Drei kleine Ansätze können ein Anfang sein:

  1. Deine Auslöser identifizieren und 1 oder 2 Reize bewusst streichen: "nicht stören-Modus", um weniger Notifications zu bekommen, ein Meeting absagen, im Home Office bleiben, ...

  2. Mikro-Pausen nach Gefühl, nicht nach Uhr: kurz aufstehen, atmen, Blick aus dem Fenster – immer dann, wenn dein System „zu viel“ meldet.

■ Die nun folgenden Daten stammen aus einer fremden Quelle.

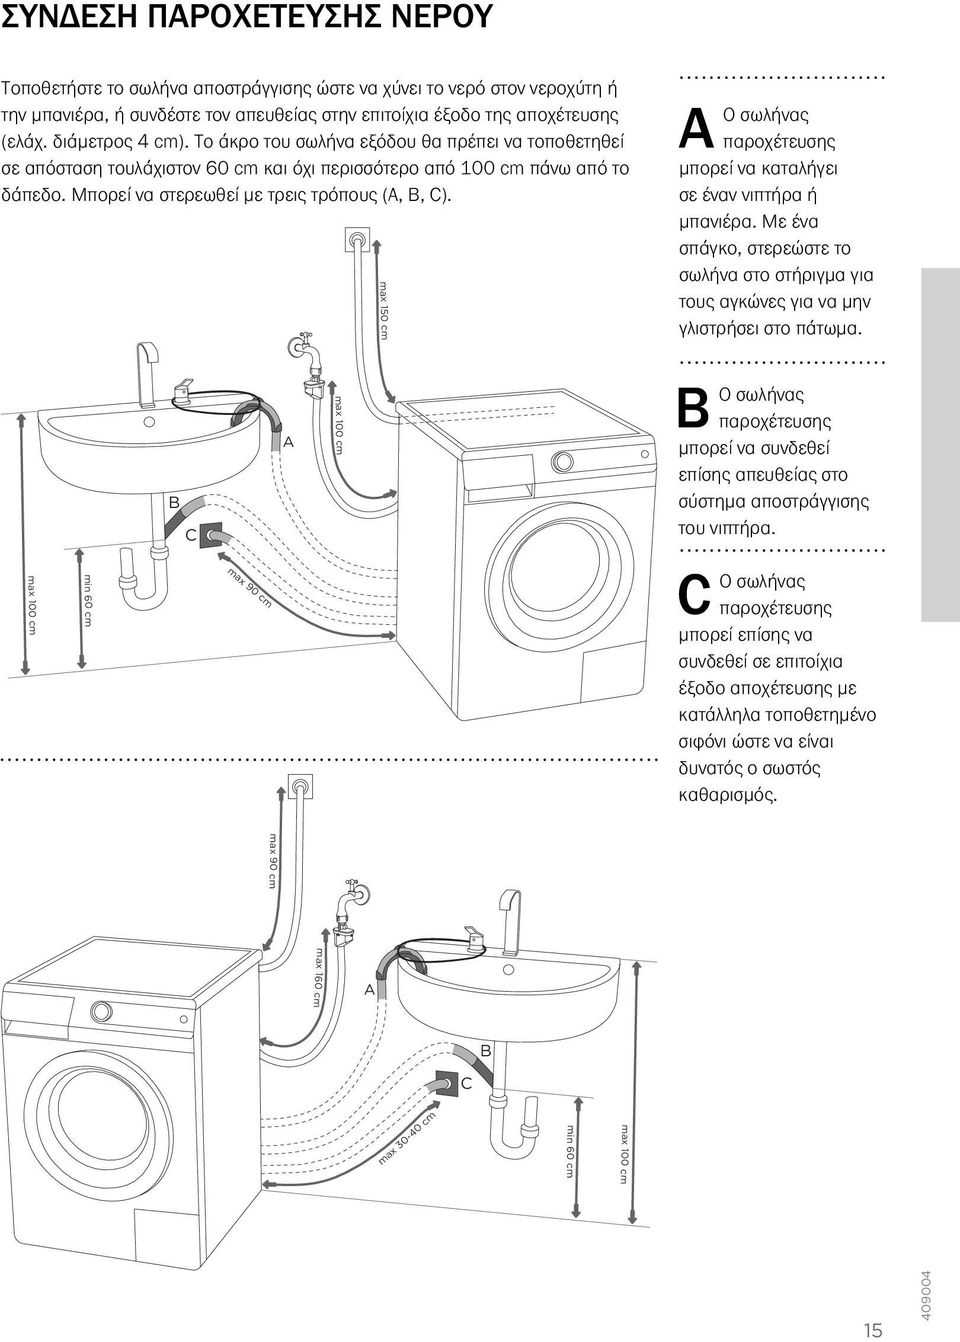 Μπορεί να στερεωθεί με τρεις τρόπους (A, B, C). A Ο σωλήνας παροχέτευσης μπορεί να καταλήγει σε έναν νιπτήρα ή μπανιέρα.

Kleinigkeit wie einen Tee oder ein Wasser trinken und dabei sich auf die Temperatur zu konzentrieren hilft uns, zurück zum Körper zu kommen und unser Nervensystem zu beruhigen.

  3. Innere Sprache anpassen: Sätze wie „Ich bin zu empfindlich“ durch „Mein Nervensystem ist gerade überlastet“ ersetzen – das nimmt Schuld raus und schafft Handlungsspielraum.



Es gibt keine One-size-fits-all-Lösung – und das ist eine gute Nachricht


Es gibt nicht die eine Methode, die für alle funktioniert sondern es gibt:

  • DEIN Nervensystem

  • DEINE Geschichte

  • DEINE Rolle im System

  • DEIN Tempo und DEINE Werte

  • DAS System, in dem DU dich befindest.


Für die eine Person ist der größte Hebel, Reizreduktion in den Arbeitsalltag zu bringen.
 Für die andere, klare Grenzen in der Handlung und in der Kommunikation zu etablieren.
 Für wieder andere, ihre Sensibilität nicht mehr als Fehler, sondern als Ressource zu sehen – und das Umfeld entsprechend zu gestalten.


Der erste Schritt ist oft nicht, mehr zu tun, sondern zu verstehen, was in dir passiert, wenn du gestresst bist.


Du bist einzigartig und das ist gut so.



*Burn-out: Zustand körperlicher und emotionaler Erschöpfung, der aus langfristigem Stress resultiert und sich in einer Mischung aus Depressionen und Angstzuständen äußert.